> _Records for this exercise_:
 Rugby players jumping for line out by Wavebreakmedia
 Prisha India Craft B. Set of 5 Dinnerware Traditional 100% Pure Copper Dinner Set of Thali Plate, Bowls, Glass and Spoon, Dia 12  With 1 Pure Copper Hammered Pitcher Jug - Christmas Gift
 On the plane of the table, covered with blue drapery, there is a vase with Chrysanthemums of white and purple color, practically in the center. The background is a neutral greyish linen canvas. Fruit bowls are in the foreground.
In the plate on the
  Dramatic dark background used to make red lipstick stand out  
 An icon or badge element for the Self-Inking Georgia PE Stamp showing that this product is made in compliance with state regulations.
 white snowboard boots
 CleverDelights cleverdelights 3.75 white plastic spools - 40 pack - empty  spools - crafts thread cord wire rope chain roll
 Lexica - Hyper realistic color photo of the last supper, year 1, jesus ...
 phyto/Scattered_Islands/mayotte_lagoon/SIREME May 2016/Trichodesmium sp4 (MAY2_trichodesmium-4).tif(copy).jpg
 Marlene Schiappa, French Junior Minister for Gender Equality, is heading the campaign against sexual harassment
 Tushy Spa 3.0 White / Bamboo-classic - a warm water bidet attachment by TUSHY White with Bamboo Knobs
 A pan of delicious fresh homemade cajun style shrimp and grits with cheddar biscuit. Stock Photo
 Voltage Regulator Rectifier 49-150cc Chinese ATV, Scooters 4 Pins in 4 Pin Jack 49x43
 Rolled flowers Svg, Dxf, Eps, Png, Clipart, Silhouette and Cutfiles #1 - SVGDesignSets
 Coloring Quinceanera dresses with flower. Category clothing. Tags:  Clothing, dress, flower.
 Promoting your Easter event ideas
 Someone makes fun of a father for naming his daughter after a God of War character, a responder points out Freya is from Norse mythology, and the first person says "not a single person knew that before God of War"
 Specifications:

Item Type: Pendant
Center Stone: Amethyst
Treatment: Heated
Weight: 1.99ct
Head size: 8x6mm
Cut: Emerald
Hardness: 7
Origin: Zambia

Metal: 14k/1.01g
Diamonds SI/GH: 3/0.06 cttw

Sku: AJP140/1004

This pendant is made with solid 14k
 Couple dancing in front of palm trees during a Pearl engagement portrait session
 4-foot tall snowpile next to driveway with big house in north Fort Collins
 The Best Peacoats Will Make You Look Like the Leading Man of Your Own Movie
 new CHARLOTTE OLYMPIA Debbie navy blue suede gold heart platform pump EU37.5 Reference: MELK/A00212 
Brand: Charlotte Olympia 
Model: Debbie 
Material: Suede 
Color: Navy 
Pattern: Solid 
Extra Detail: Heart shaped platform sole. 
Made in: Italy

> _Task item_:
The reply should hold only the lines of the listing above starting at the line containing "In the plate on the" and ending at the line containing "A pan of delicious", exactly as written.

> _Solution to this exercise_:
In the plate on the
  Dramatic dark background used to make red lipstick stand out  
 An icon or badge element for the Self-Inking Georgia PE Stamp showing that this product is made in compliance with state regulations.
 white snowboard boots
 CleverDelights cleverdelights 3.75 white plastic spools - 40 pack - empty  spools - crafts thread cord wire rope chain roll
 Lexica - Hyper realistic color photo of the last supper, year 1, jesus ...
 phyto/Scattered_Islands/mayotte_lagoon/SIREME May 2016/Trichodesmium sp4 (MAY2_trichodesmium-4).tif(copy).jpg
 Marlene Schiappa, French Junior Minister for Gender Equality, is heading the campaign against sexual harassment
 Tushy Spa 3.0 White / Bamboo-classic - a warm water bidet attachment by TUSHY White with Bamboo Knobs
 A pan of delicious fresh homemade cajun style shrimp and grits with cheddar biscuit. Stock Photo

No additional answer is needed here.